The login contained in the Deserializer is pretty simple: the JSON change event is composed of the following parts:

{
 "schema": { 
   ...
  },
 "payload": { 
   ...
 }
}

In our case, we are interested into the “payload” section which contains a nested “after” JsonObject, with the changes in the Database schema.
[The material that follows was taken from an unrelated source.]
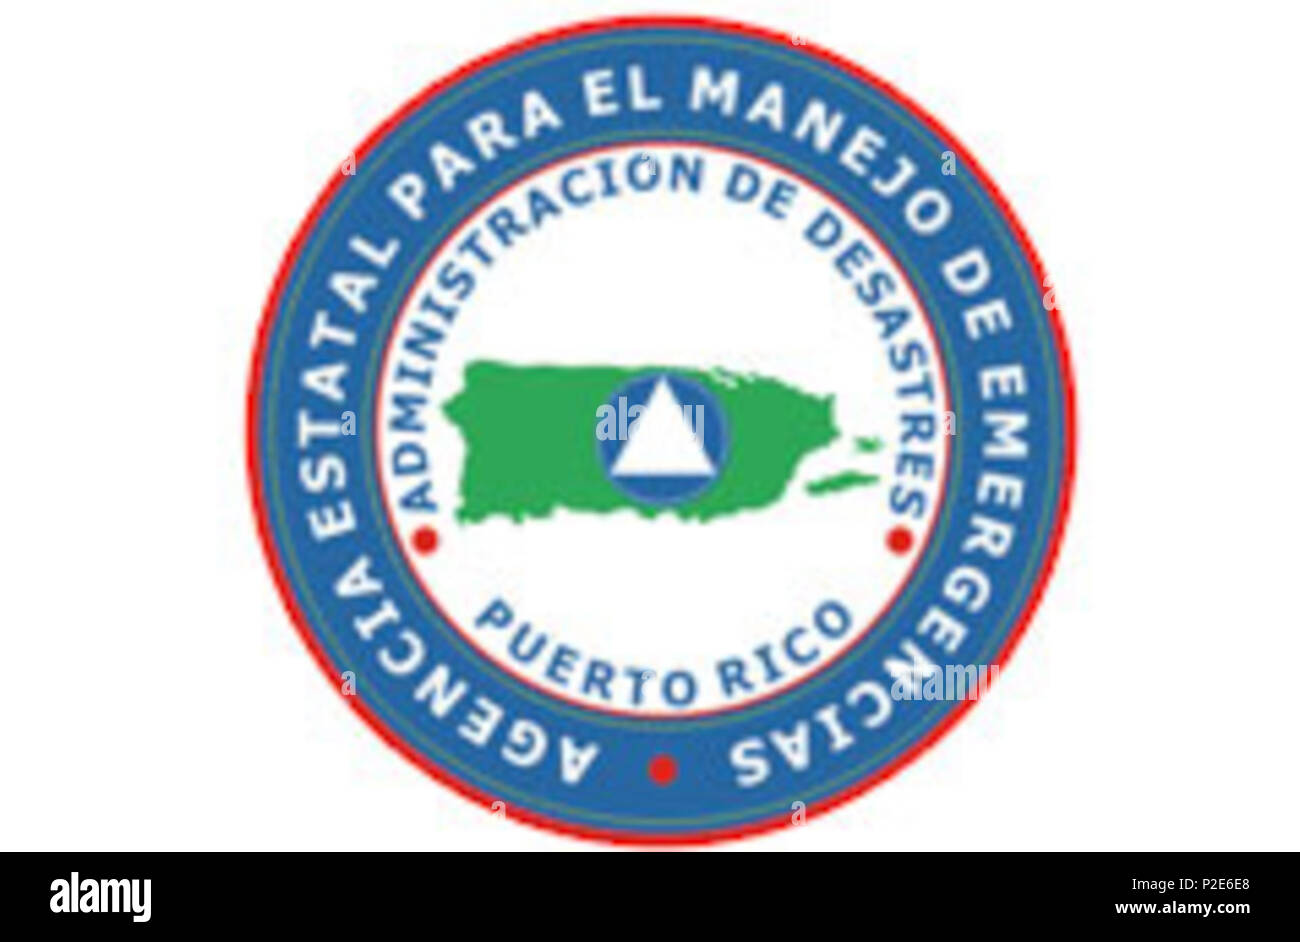 . Inglese: emblema ufficiale del Puerto Rico Agenzia di Stato per i casi di emergenza e di gestione di emergenza . Il 30 dicembre 2012 (originale data di caricamento). Puerto Rico agenzia di stato di emergenza e la gestione delle catastrofi 44 Puerto-rico-stato-agenzia-per-emergenza-e-disaster management-emblema Foto Stock
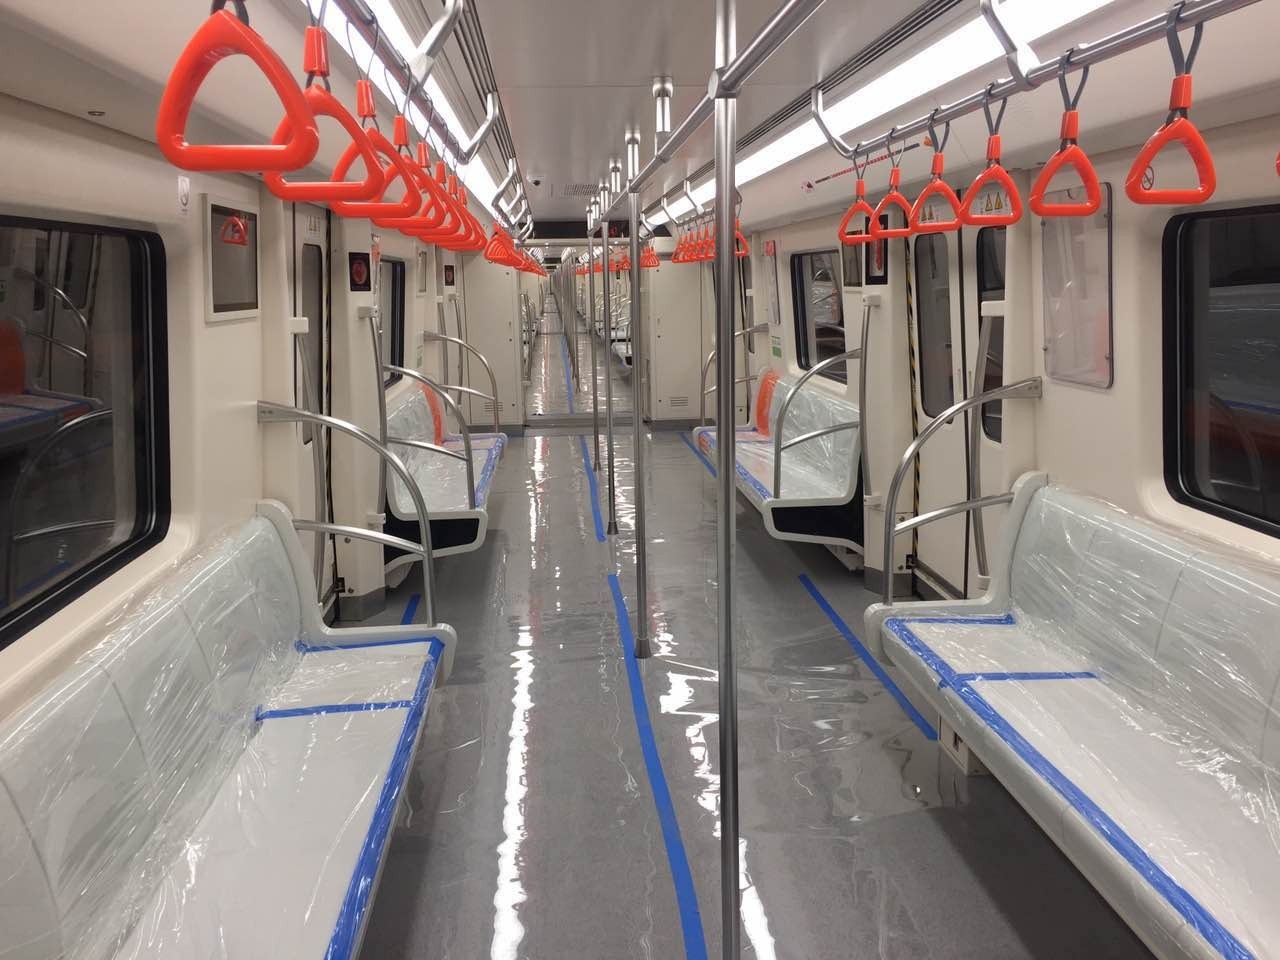 车厢内部的整体布局与地铁6号线类似,让习惯乘坐天津地铁的乘客感觉

To display the streamed data, you can add the following Javascript section in an HTML page:

<script src="https://code.jquery.com/jquery-3.3.1.min.js"></script>
<script>
    var source = new EventSource("/customers/stream");
    source.onmessage = function (event) {
        document.getElementById("content").innerHTML = event.data;
    };
</script>

Now run your application as follows:

$ mvn install quarkus:dev

Then, retrieve the html page (in our case customer.html) to activate the Streaming of events:

debezium kafka connect

Just leave it there and let’s add some data into our Database.

Changing the Database

The simplest way to test our application is to run a mysql shell client into the running container. Use the following docker-compose shell command to re-use the docker-compose-mysql.yaml and log into MySQL:

$ docker-compose -f docker-compose-mysql.yaml exec mysql bash -c 'mysql -u $MYSQL_USER -p$MYSQL_PASSWORD inventory'

Welcome to the MySQL monitor.  Commands end with ; or \g.
Your MySQL connection id is 6
Server version: 5.7.32-log MySQL Community Server (GPL)

Copyright (c) 2000, 2020, Oracle and/or its affiliates. All rights reserved.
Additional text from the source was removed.